* **Your instructions**
Write out exactly every line from the one containing "Savoy White Wine Glasses 12oz, Set of 2" through the final line of the material below, both included. Pictures are to be skipped.

* **Dataset content**
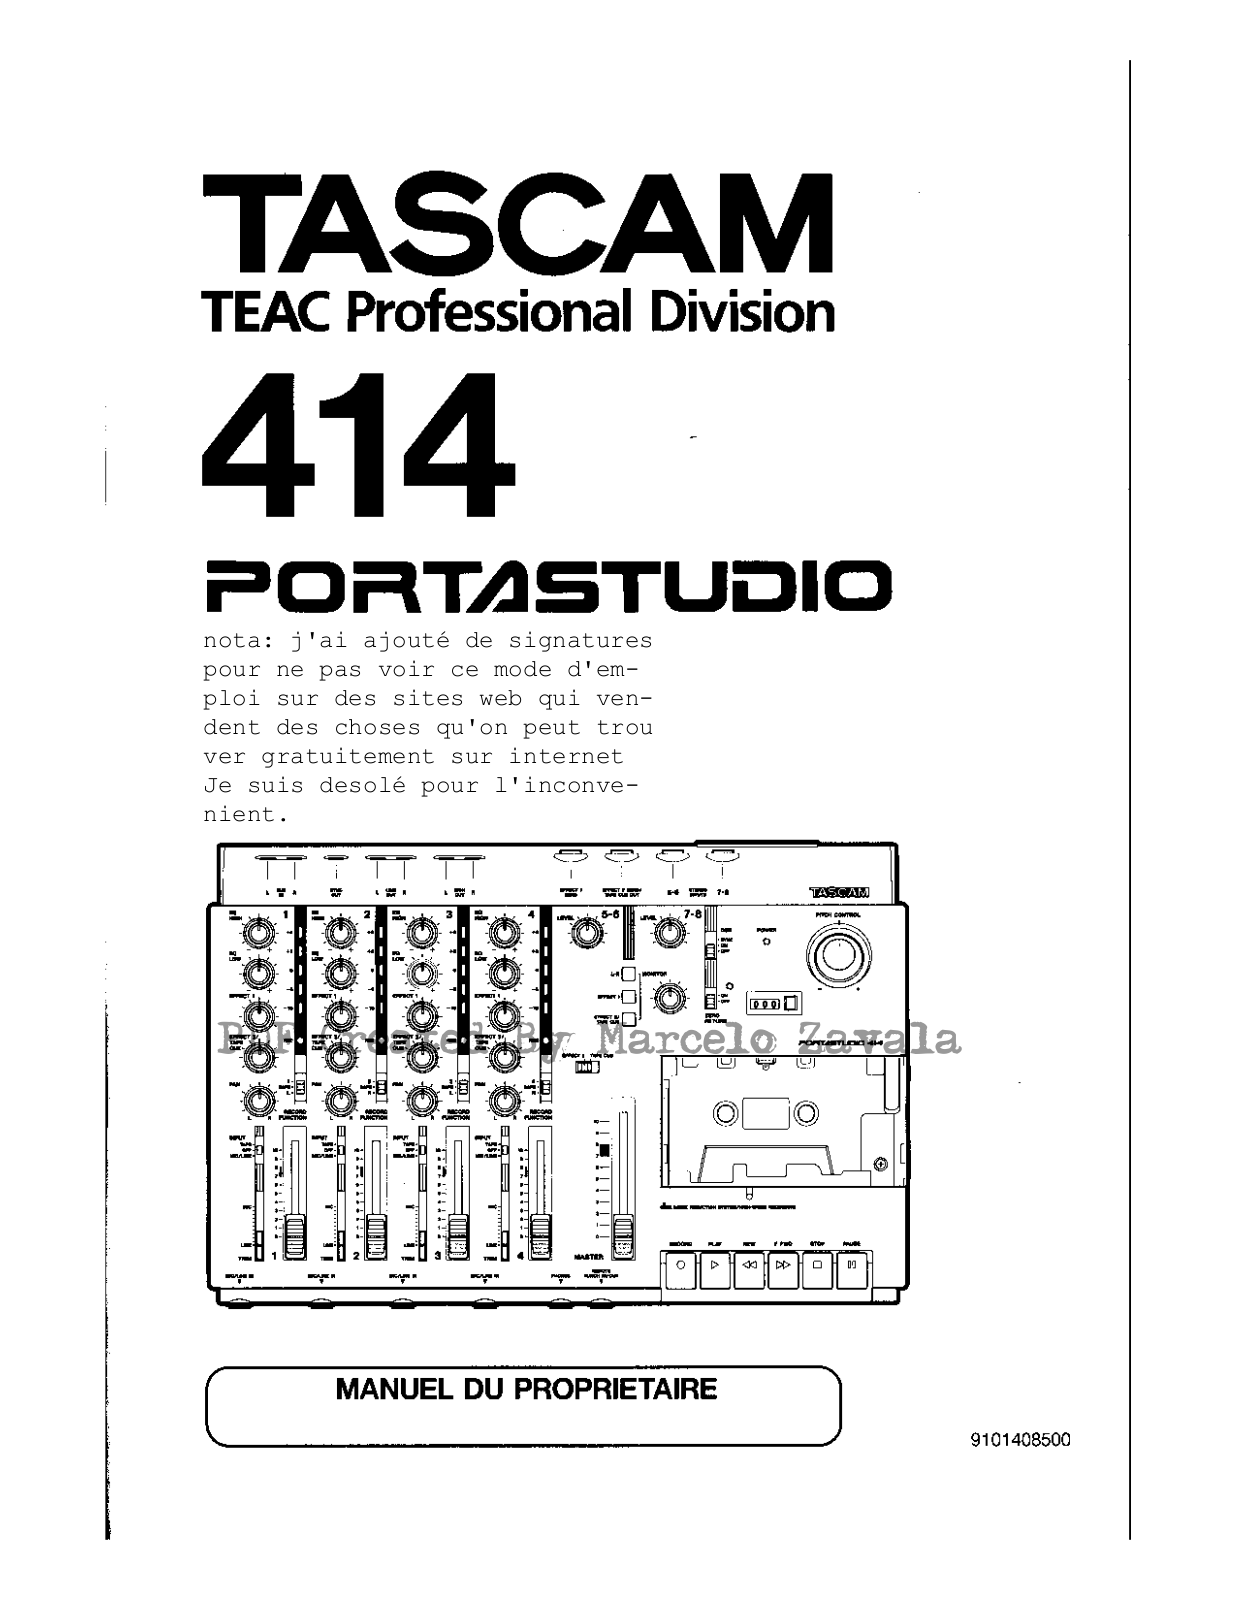 TASCAM 414 PORTASTUDIO User Manual
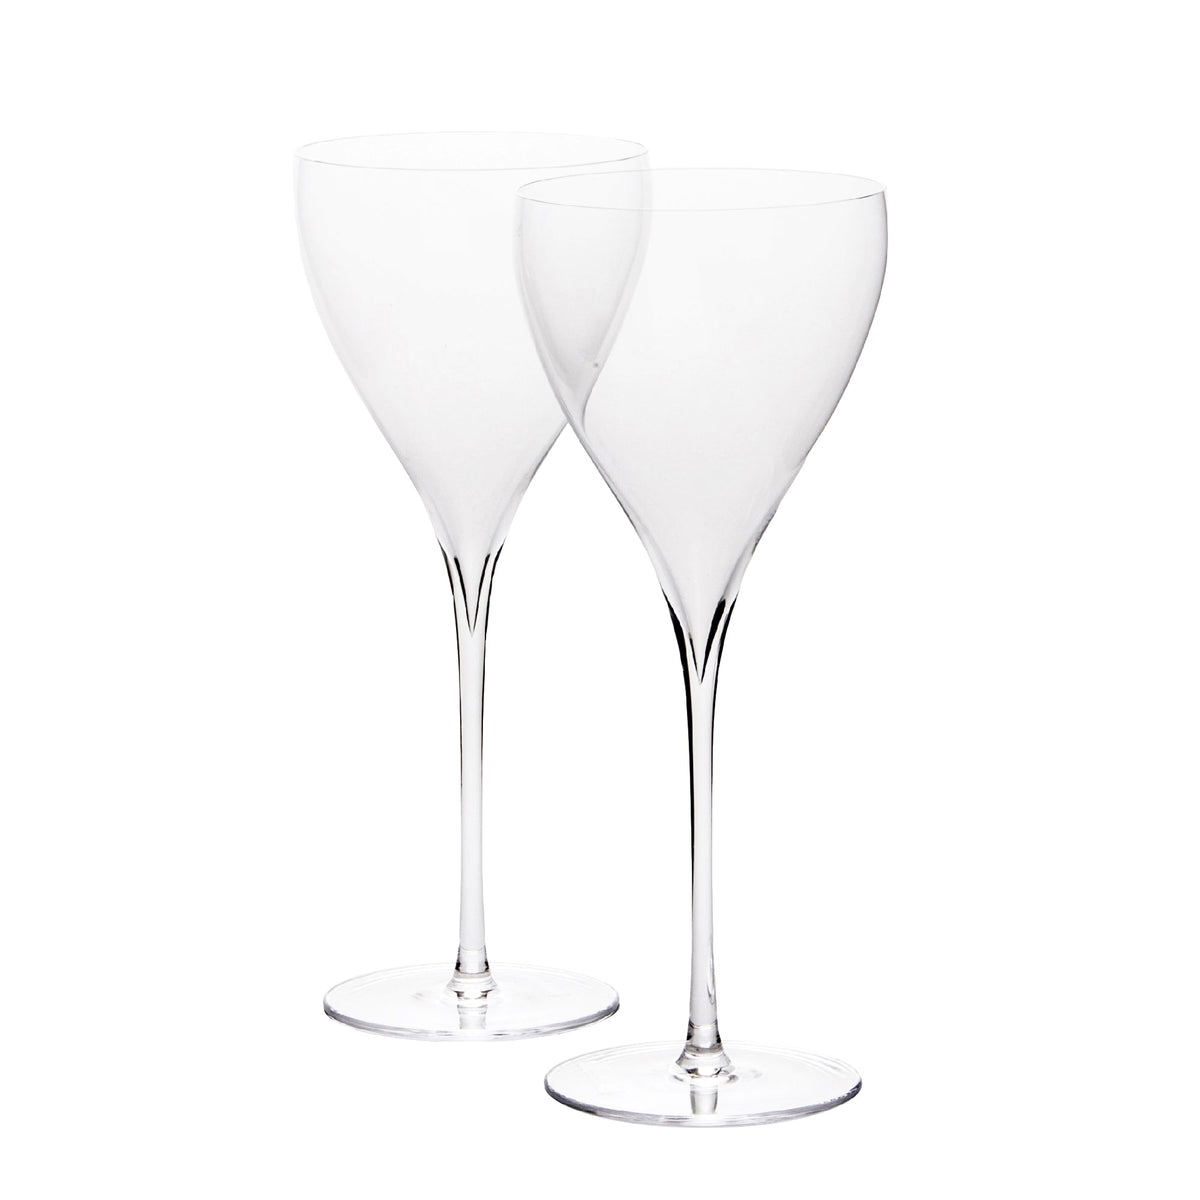 Savoy White Wine Glasses 12oz, Set of 2
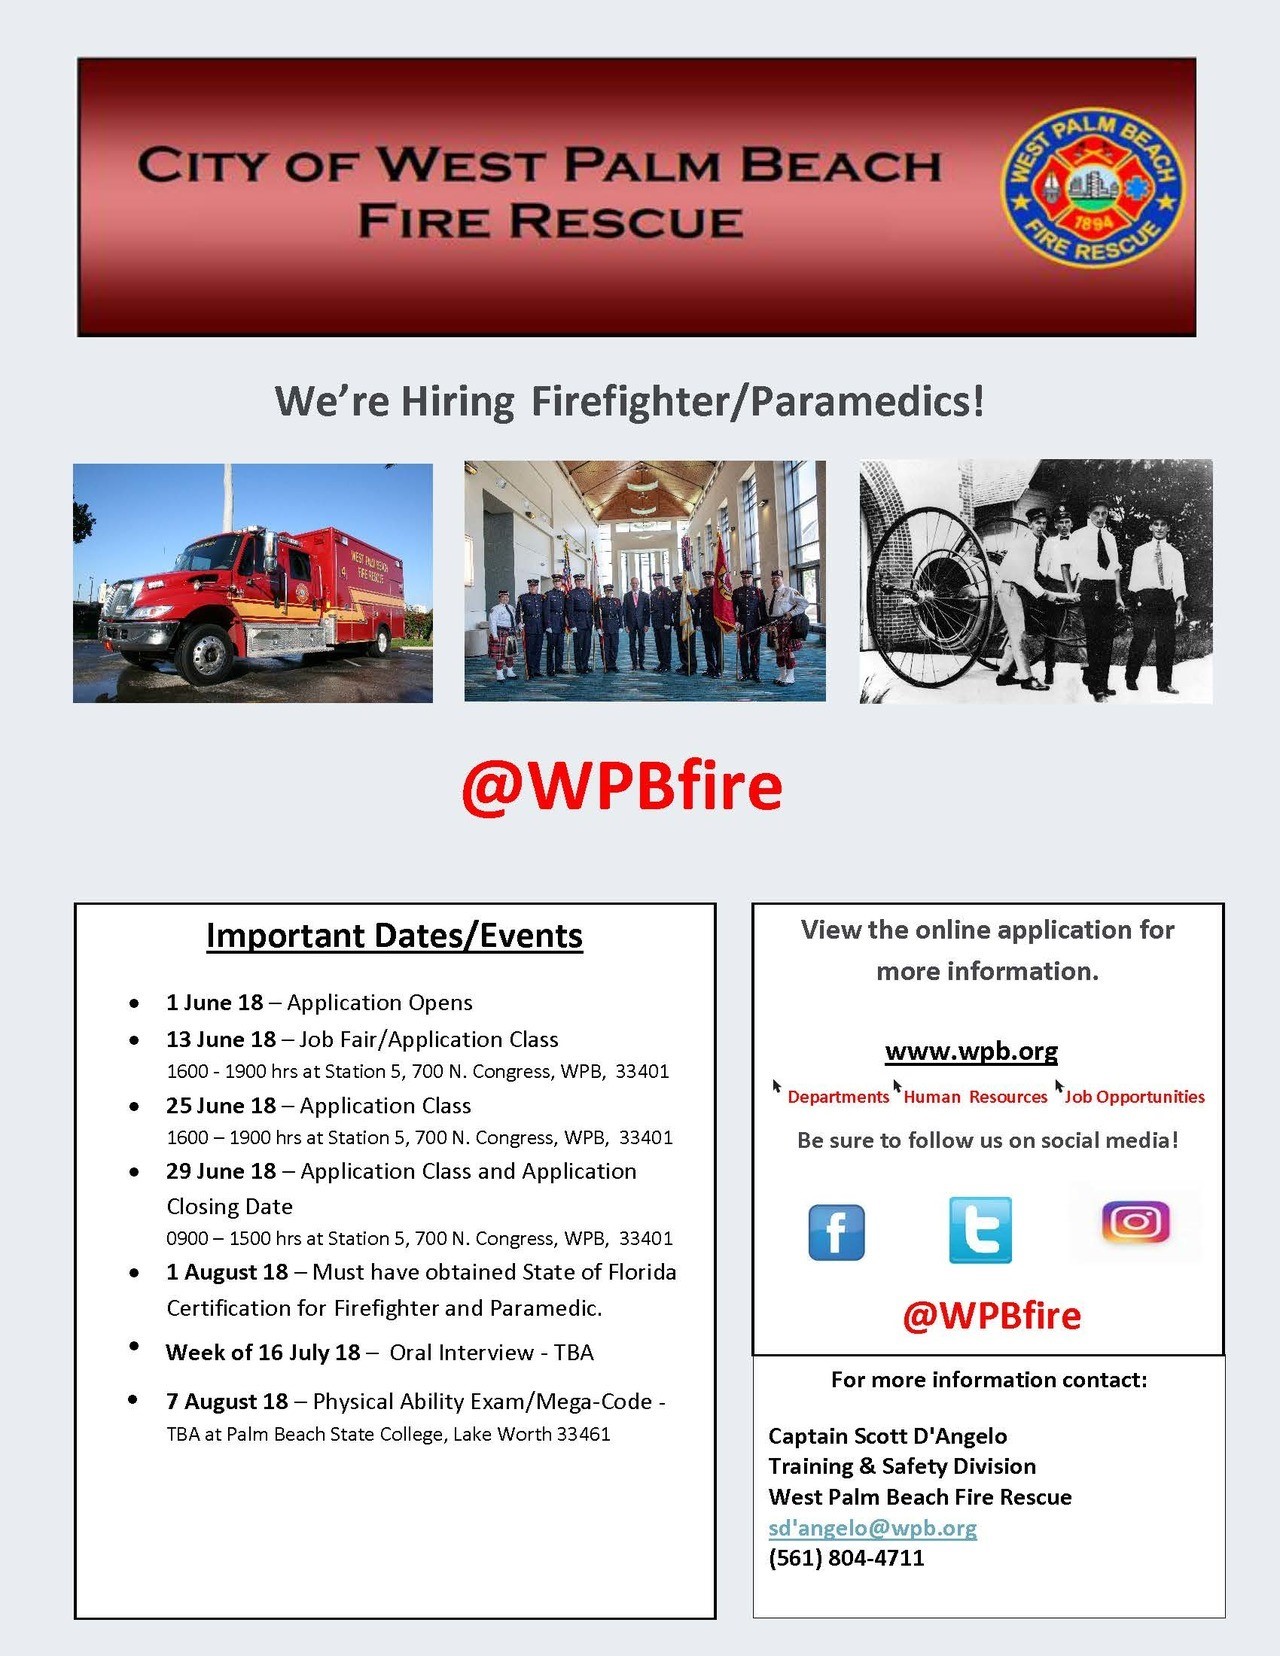 City of West Palm Beach Fire Rescue Hiring FF/Paramedics
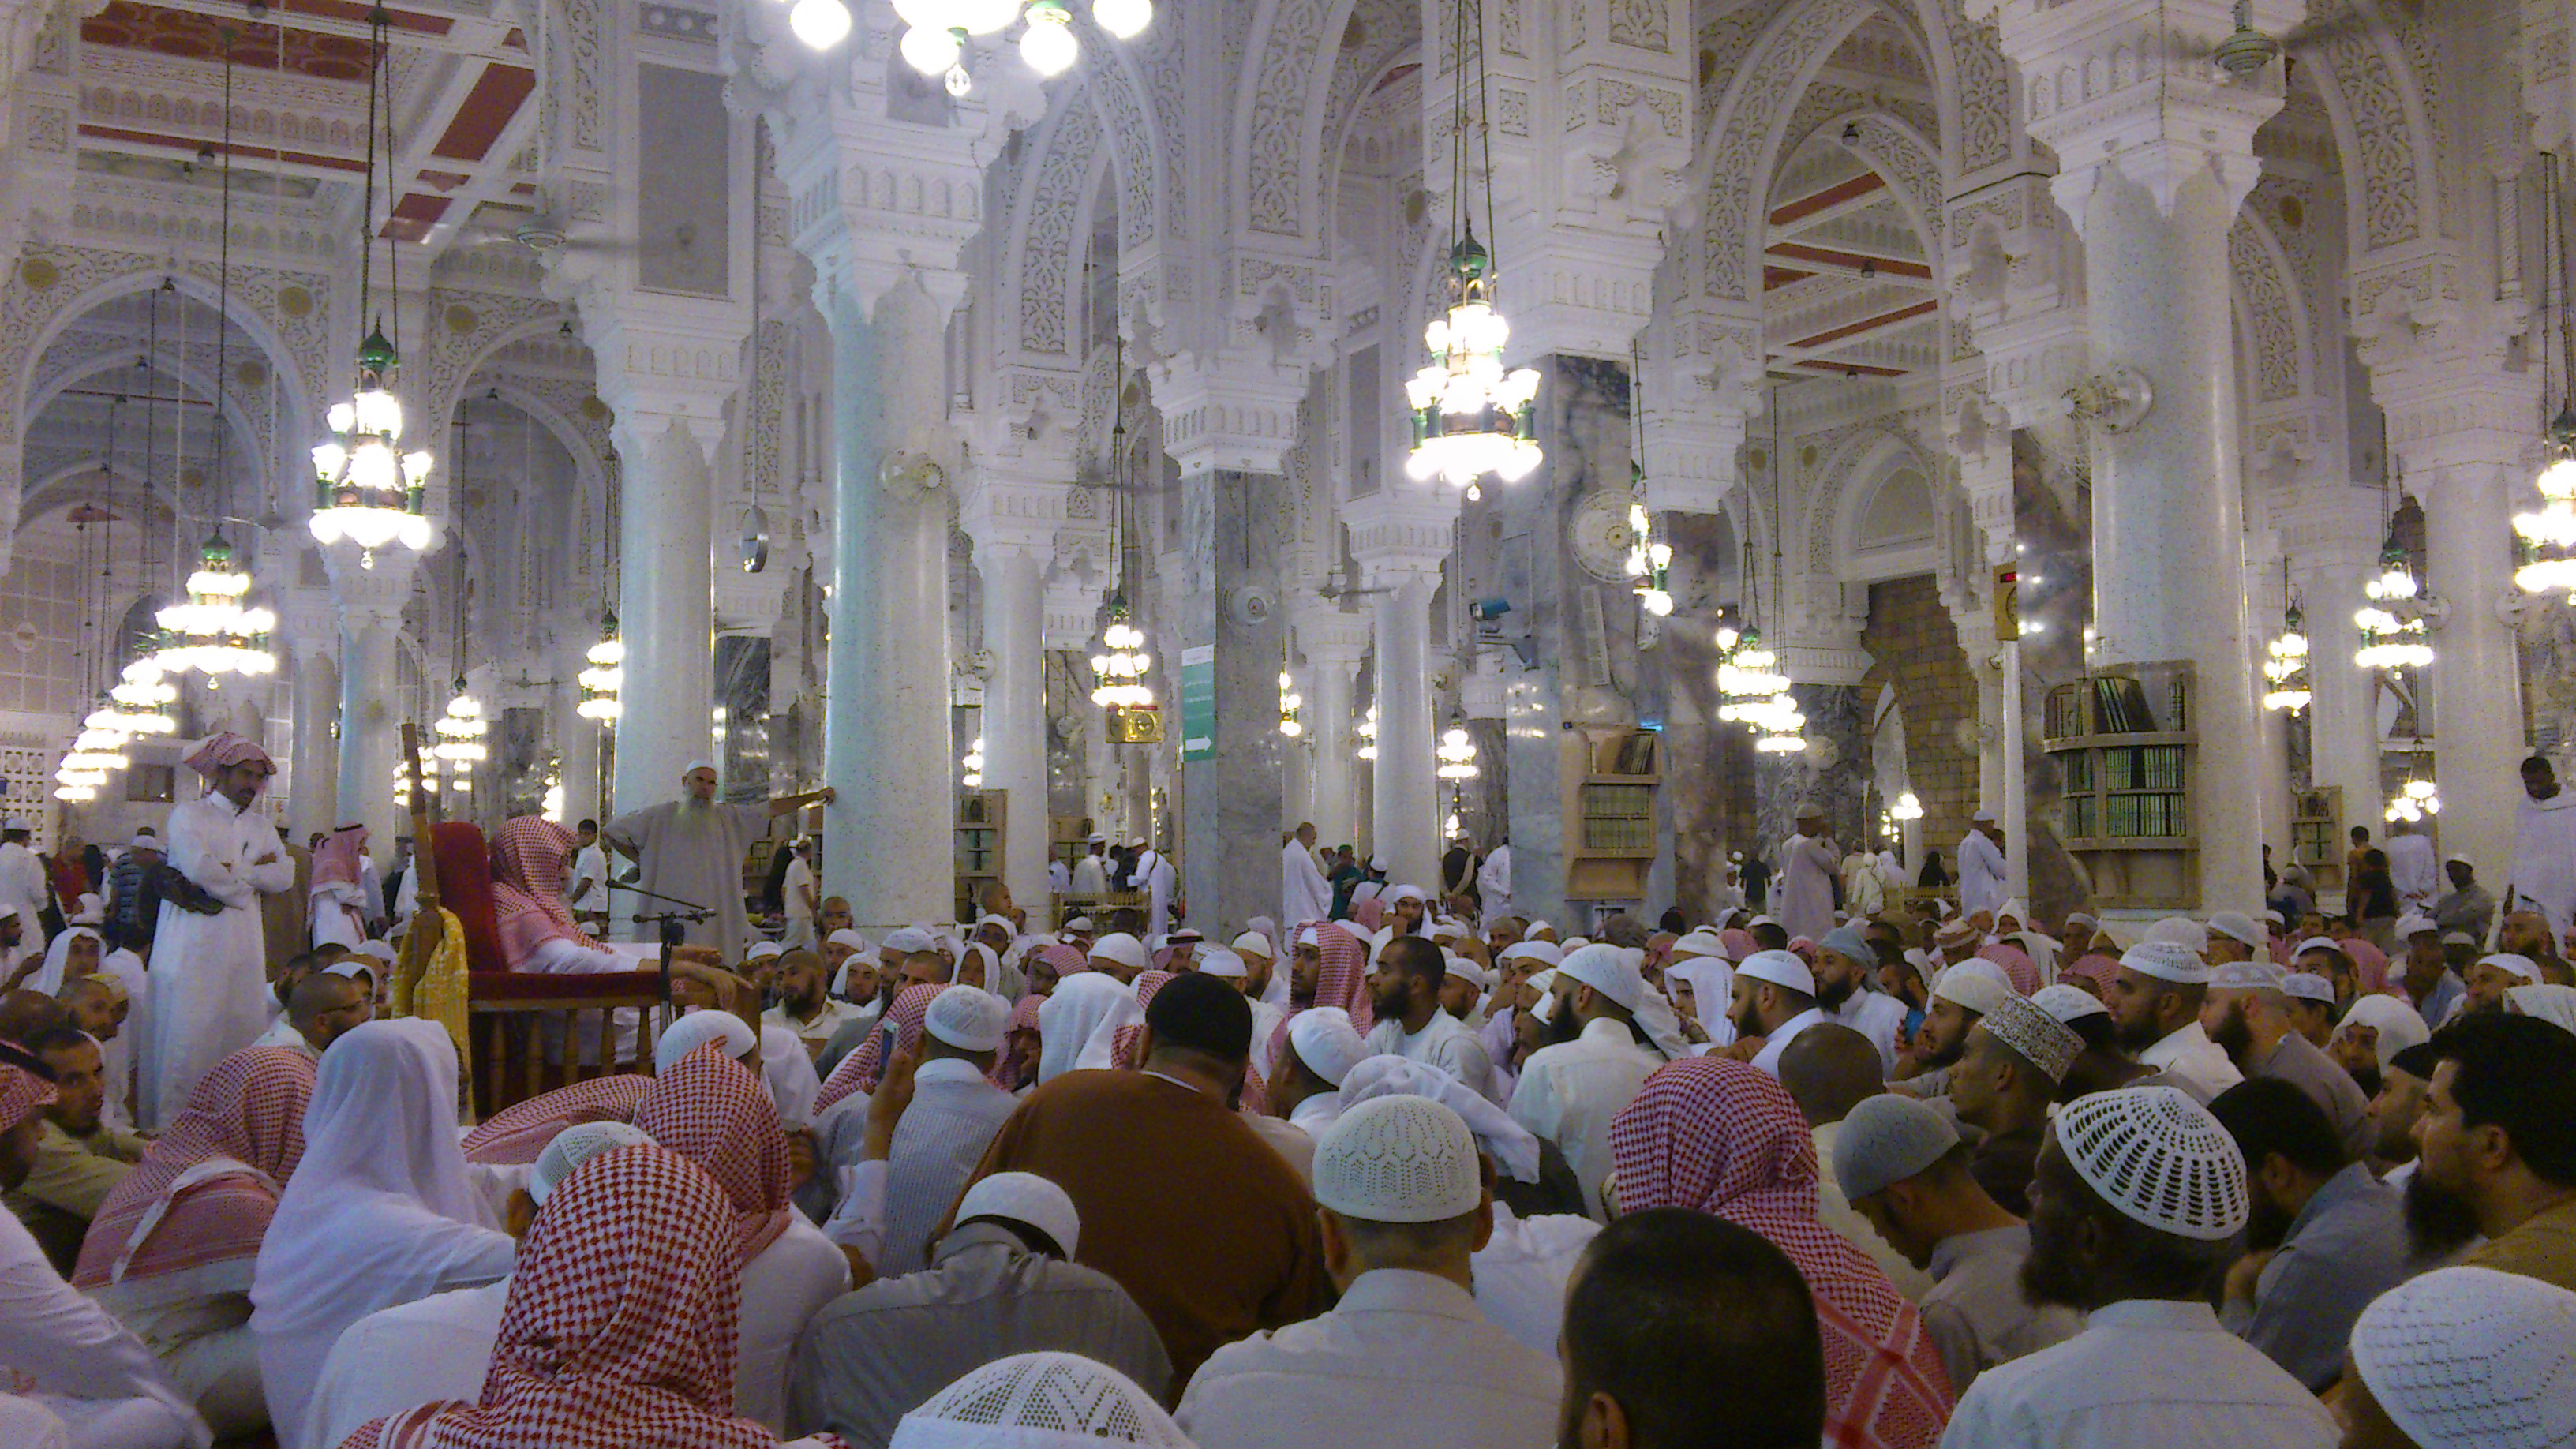 010713 – Masjid alHaram, Makkah – Sheikh Saleh Fauzan alFauzan

* **Expected output**
 Savoy White Wine Glasses 12oz, Set of 2
 City of West Palm Beach Fire Rescue Hiring FF/Paramedics
 010713 – Masjid alHaram, Makkah – Sheikh Saleh Fauzan alFauzan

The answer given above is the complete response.